Thompson then tries to describe these policies as novel, “a striking departure,” in fact, “from the ideological preferences of the post-Vietnam Democratic Party.” Please. You really don’t have to do much digging to figure out that’s not true: Presidential administrations, both Democrat and Republican, have heavily relied on arming regimes in developing countries and client states for decades, at approximately the same standard. Under Bill Clinton, according to this CRS report on conventional arms transfers published in 2000, “Developing nations continue[d] to be the primary focus of foreign arms sales activity by weapons suppliers,” and “the value of all arms transfer agreements with developing nations in 1999 was nearly $20.6 billion” which “was the highest total, in real terms, since 1996.”
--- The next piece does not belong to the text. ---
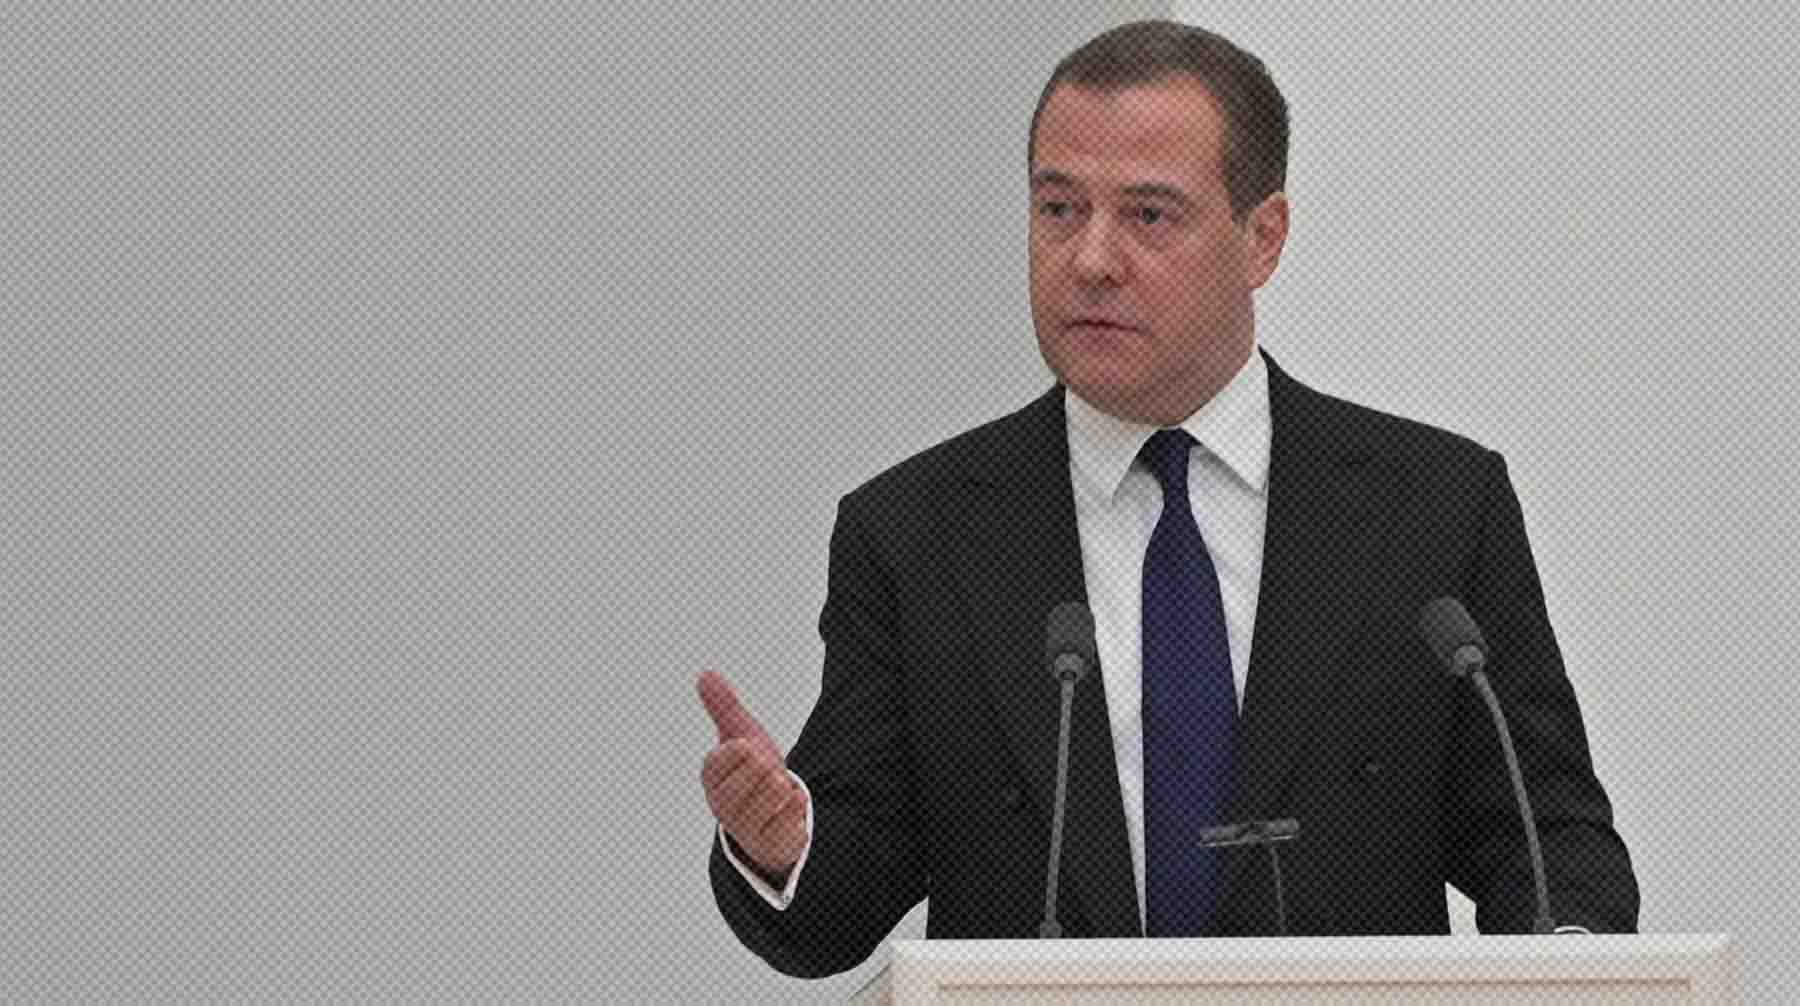 Dailystorm - Медведев сравнил санкции Запада с инквизицией

During the 1996-1999 period, the United Arab Emirates (U.A.E.) ranked first among developing nations in the value of arms transfer agreements, concluding $7.7 billion in such agreements. India ranked second at $7.3 billion. Saudi Arabia ranked third with $7.1 billion. In 1999, South Africa ranked first in value of arms transfer agreements among all developing nations weapons purchasers, concluding $3.3 billion in such agreements. Egypt ranked second with $2.6 billion in such agreements. Israel ranked third with $2.3 billion.
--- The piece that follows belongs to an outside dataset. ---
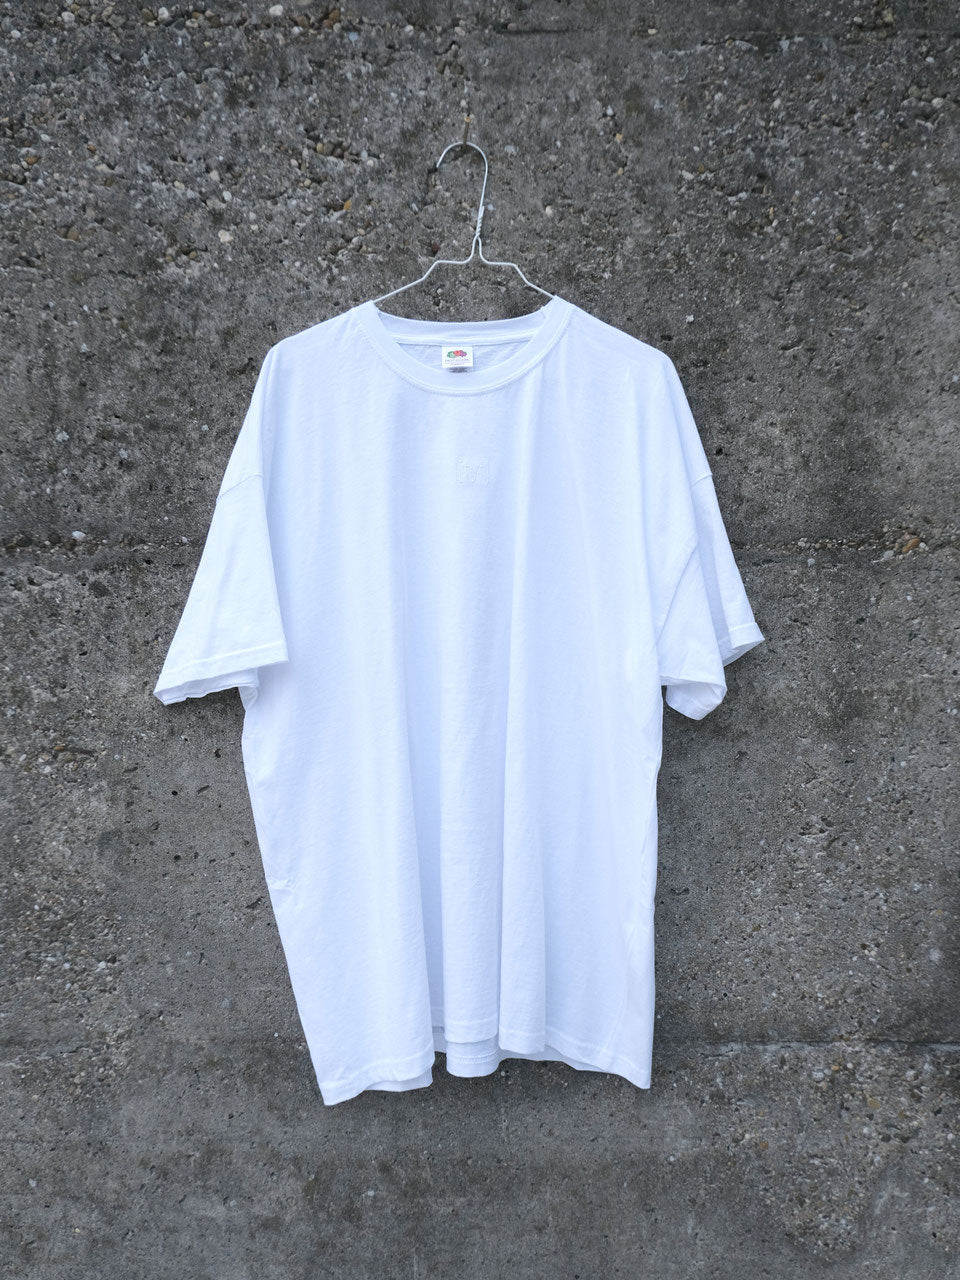 Fyt logo t-shirt white

The numbers for the Clinton era are not substantively different than the latest such report released for the 2003-2010 years, and no different from Obama’s current wielding of weapons welfare. And there is just as much harm-potential generated from Obama’s doing it as Clinton’s. Clinton’s support with money and arms of Turkey resulted in major atrocities against Kurds in the southeast, leaving the countryside devastated with tens of thousands killed and millions displaced. Money, arms, equipment, and training were also sent to the regime in Indonesia during the Clinton years despite Jakarta’s veritable genocide in East Timor. Obama’s weapons welfare and so-called containment/projecting-power policies are equally dangerous. Whatever Thompson thinks, it is neither novel, nor savvy. It’s deadly, menacing, and savage.